How Can We Be So Wrong About Professional Development?

8 ways workshops fail and how Japan gets it right

Japanese teachers working together in a research lesson study. (Photo: Akihiko Takahashi, courtesy of American RadioWorks)

By now, it’s pretty clear to everyone involved: good professional development is something every educator wants and needs, but few experience PD that is rich, deep, and meaningful.

In a 2013 report called “Teaching the Teacher: Effective Professional Development in an Era of High Stakes Accountability,” the Center for Public Education (CTE) called the mainstay one-stop workshop model “abysmal.”

Stanford University’s Linda Darling-Hammond and the School Redesign Network (SRN) said in 2009’s “Professional Learning in the Learning Profession” that an event that “involved a limited amount of professional development (ranging from 5 to 14 hours) showed no statistically significant effect on learning.”

Despite those findings, and the accompanying research that defines what good professional development looks like, the one-stop workshop remains the most common. And as you’ll see below, two of the most effective PD activities — research and coaching — lag way behind.

According to a National Staff Development Council report by Stanford’s School Redesign Network, a majority of teacher staff development is through the workshop model, widely deemed by researchers and educators alike to have limited value.

Want good PD? Look for these 8 characteristics

Let’s take a look at the characteristics that both the Center for Public Education and the School Redesign Network have established as the standards for good PD. Then we’ll look at a successful model long used by Japan’s educators that fulfills each of them.

  1. The duration of professional development must be significant and ongoing to allow time for teachers to learn a new strategy and grapple with implementation.

Some studies have concluded that teachers may need as many as 50 hours of instruction, practice, and coaching before a new teaching strategy is mastered and implemented in class. — The Center for Public Education

2. There must be support for a teacher during the implementation stage that addresses the specific challenges of changing classroom practice.

3. Teachers’ initial exposure to a concept should not be passive, but rather should engage teachers through varied approaches so they can participate actively in making sense of a new practice.

4. Modeling has been found to be highly effective in helping teachers understand a new practice.

On average, it takes 20 separate instances of practice for a teacher to master a new skill, and this number may increase if a skill is exceptionally complex. — The Center for Public Education

5. The content presented to teachers shouldn’t be generic, but instead specific to the discipline (for middle school and high school teachers) or grade-level (for elementary school teachers).

6. Professional development should focus on student learning and address the teaching of specific curriculum content.

7. Professional development should align with school improvement priorities and goals.

8. Professional development should build strong working relationships among teachers.

Deep, meaningful PD — Japan’s lesson study model

It’s not drive-by and it’s definitely not sit-and-get PD — Japan’s lesson study model is embedded, long-term, collegial, specific, and student focused. This one model meets every one of the eight standards listed above.

Read this story on Japan’s lesson study and learn how and why it’s the opposite of the one-day workshops you’ve attended.
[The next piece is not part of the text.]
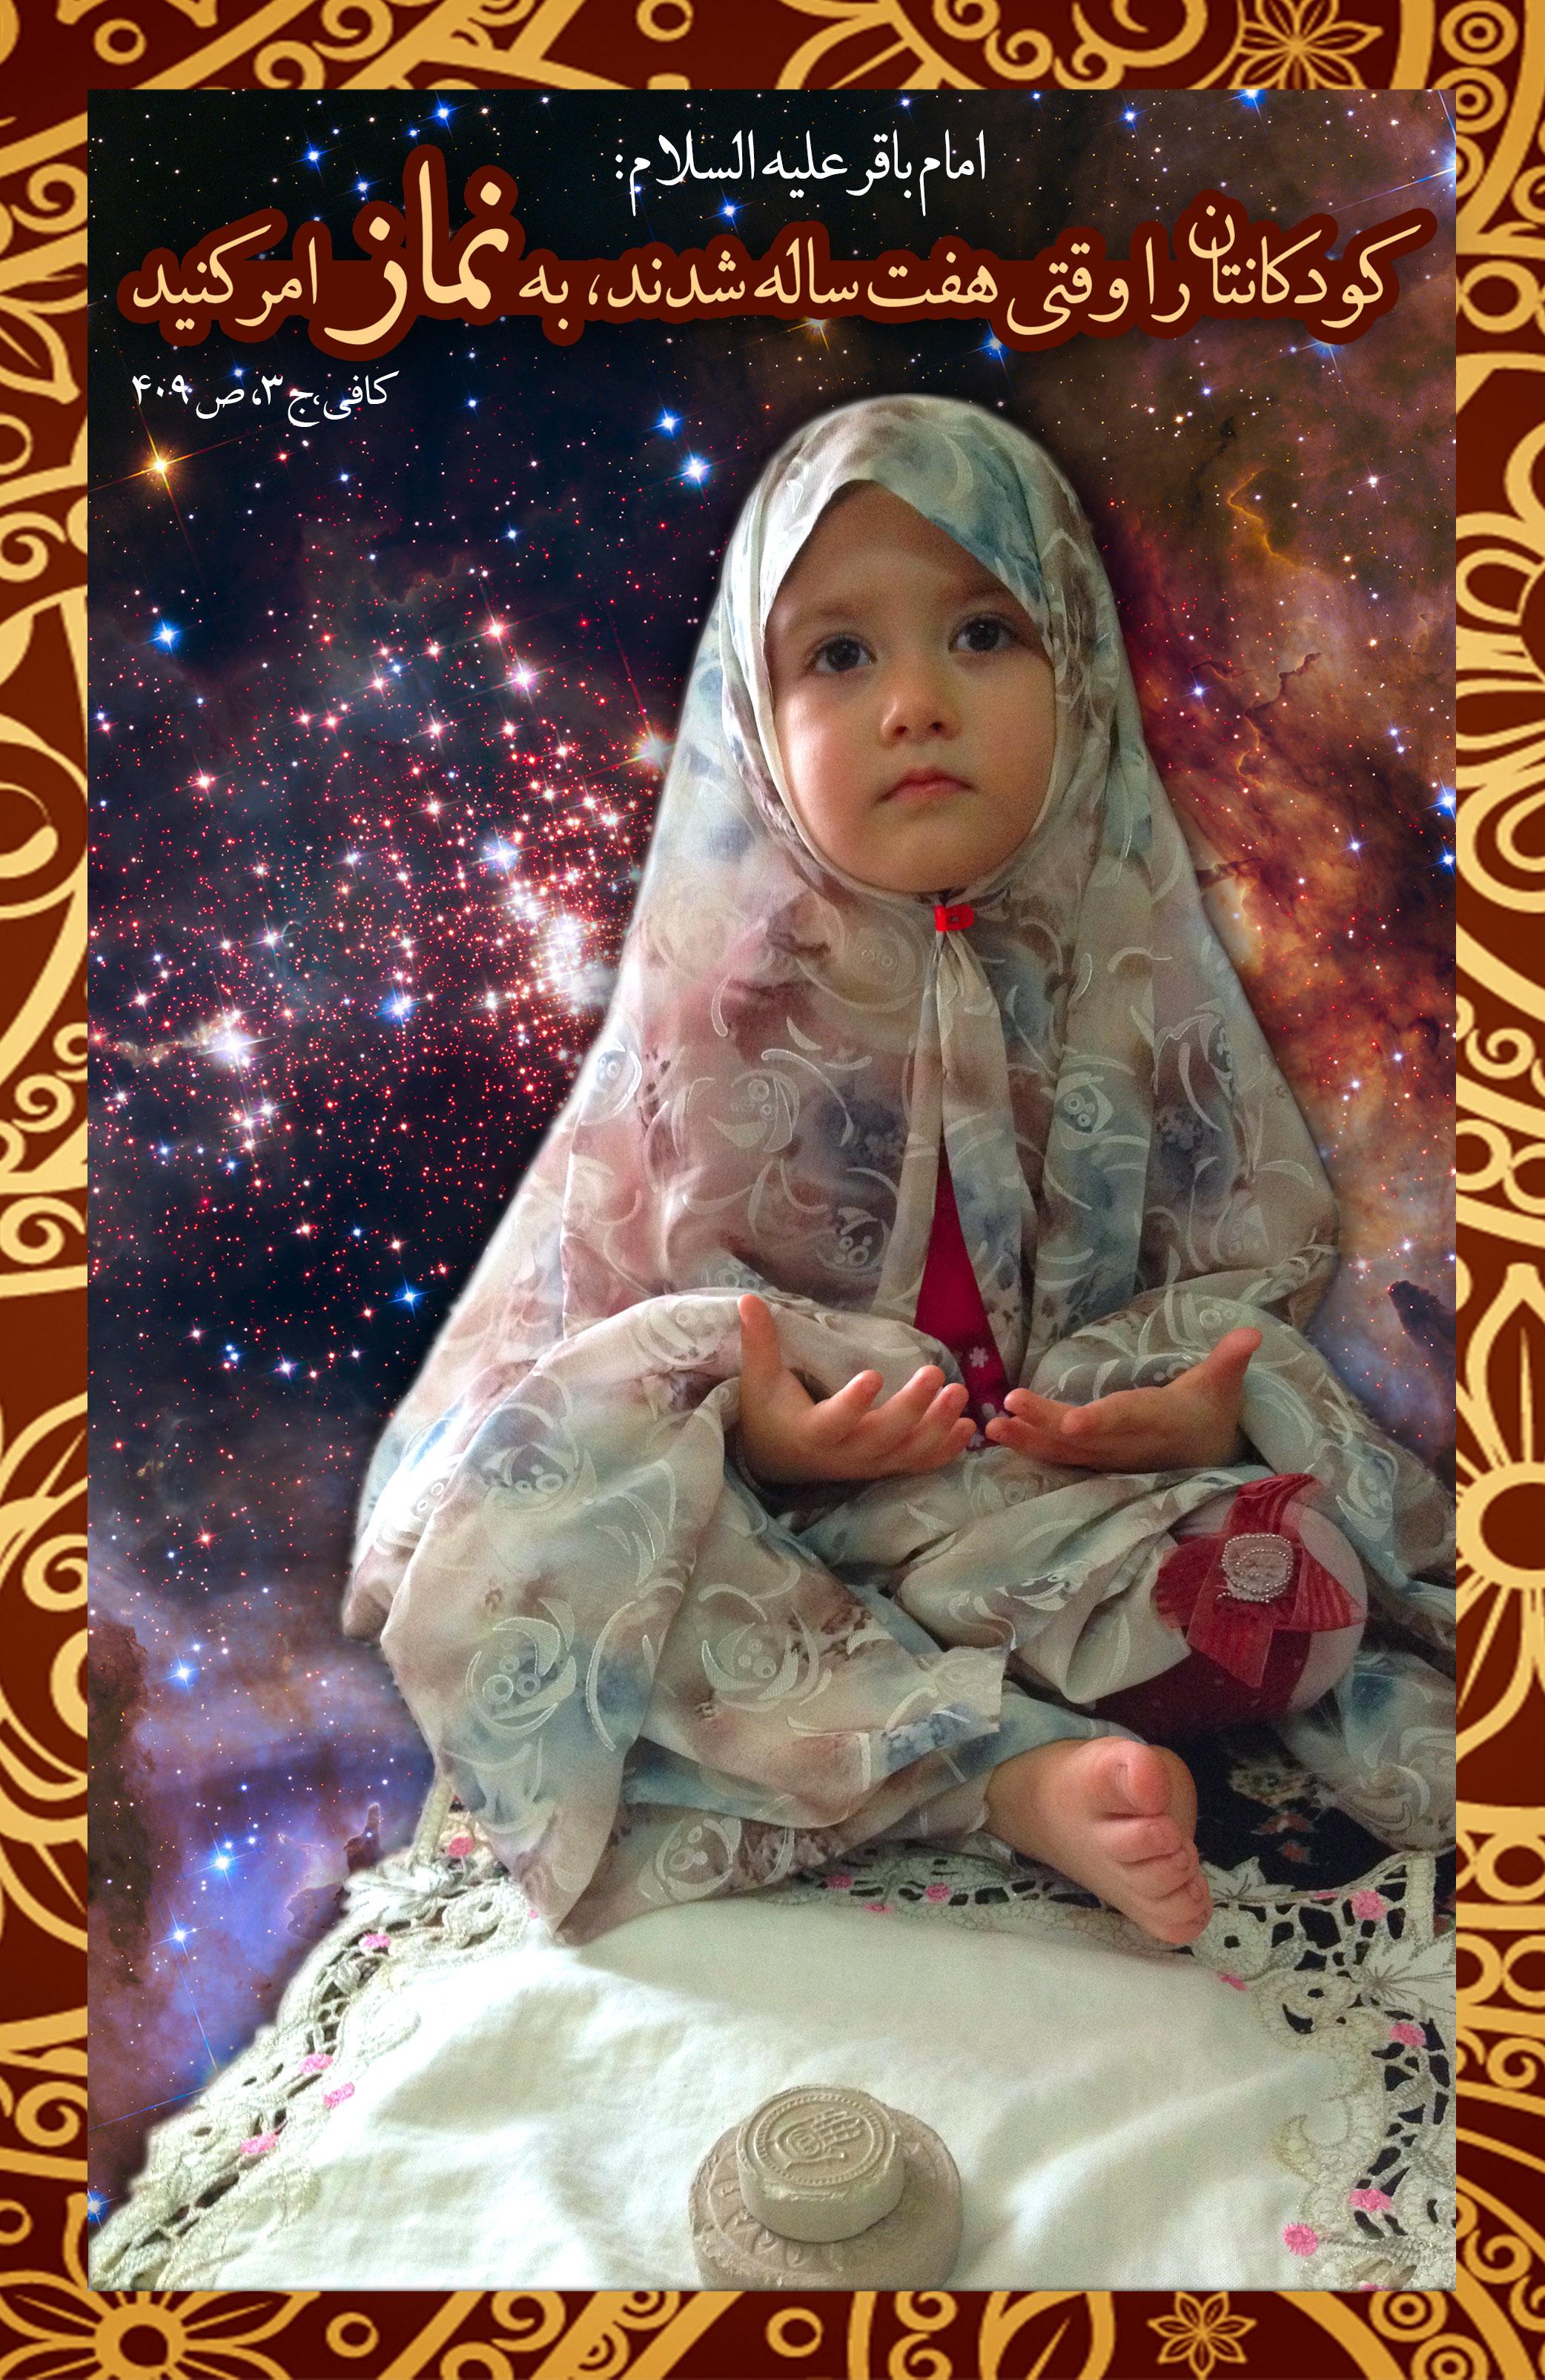 نماز کودک copy

Here’s a simple 5-step example of how one might work:

1. Four to six teachers gather to solve a teaching problem that is common to them all.

2. They dig into the latest education research to discover why the problem exists and study why existing methods aren’t working.

3. One teacher delivers the research lesson as the other group members observe all aspects of the lesson, take notes, and perhaps video or audio tape.

Japanese teachers doing lesson study at Oshihara Elementary School in Japan, June 2012. (Photo: Tom McDougal, courtesy of American RadioWorks)

4. During the lesson, the other group members gather and observe evidence. They don’t focus on the teacher’s performance, instead, they look to the students to determine what’s working and what isn’t.

Watch five teachers go through the lesson study process.

5. Follow-up can take weeks or months as group members meet after the lesson to dig deep and refine it, and even study the revised version to further improve it.

Sue Wilder, a national education consultant at the Developmental Studies Center introduced lesson study this way to a group of American teachers: “We are going to work on a lesson and it’s going to be the best lesson we can prepare based on what we know right now and we’re going to try it out.

“Then we’re going spend the time really collecting data on the students and then we’re going to come back and analyze that data and see what in the lesson worked and what in the lesson might we do differently in order to get the desired outcome.” Watch Wilder go through the lesson study process with a group of American teachers in the video.

“Using lesson study to plan lessons is a really powerful way to bring teachers together to plan lessons that they really can’t do on their own,” explains Peter Brunn, director of professional development for the Center for the Collaborative Classroom. “Lesson study allows the teacher to sit with colleagues to reflect on one specific lesson in time and use that as an opportunity to grow their thinking about teaching and learning.”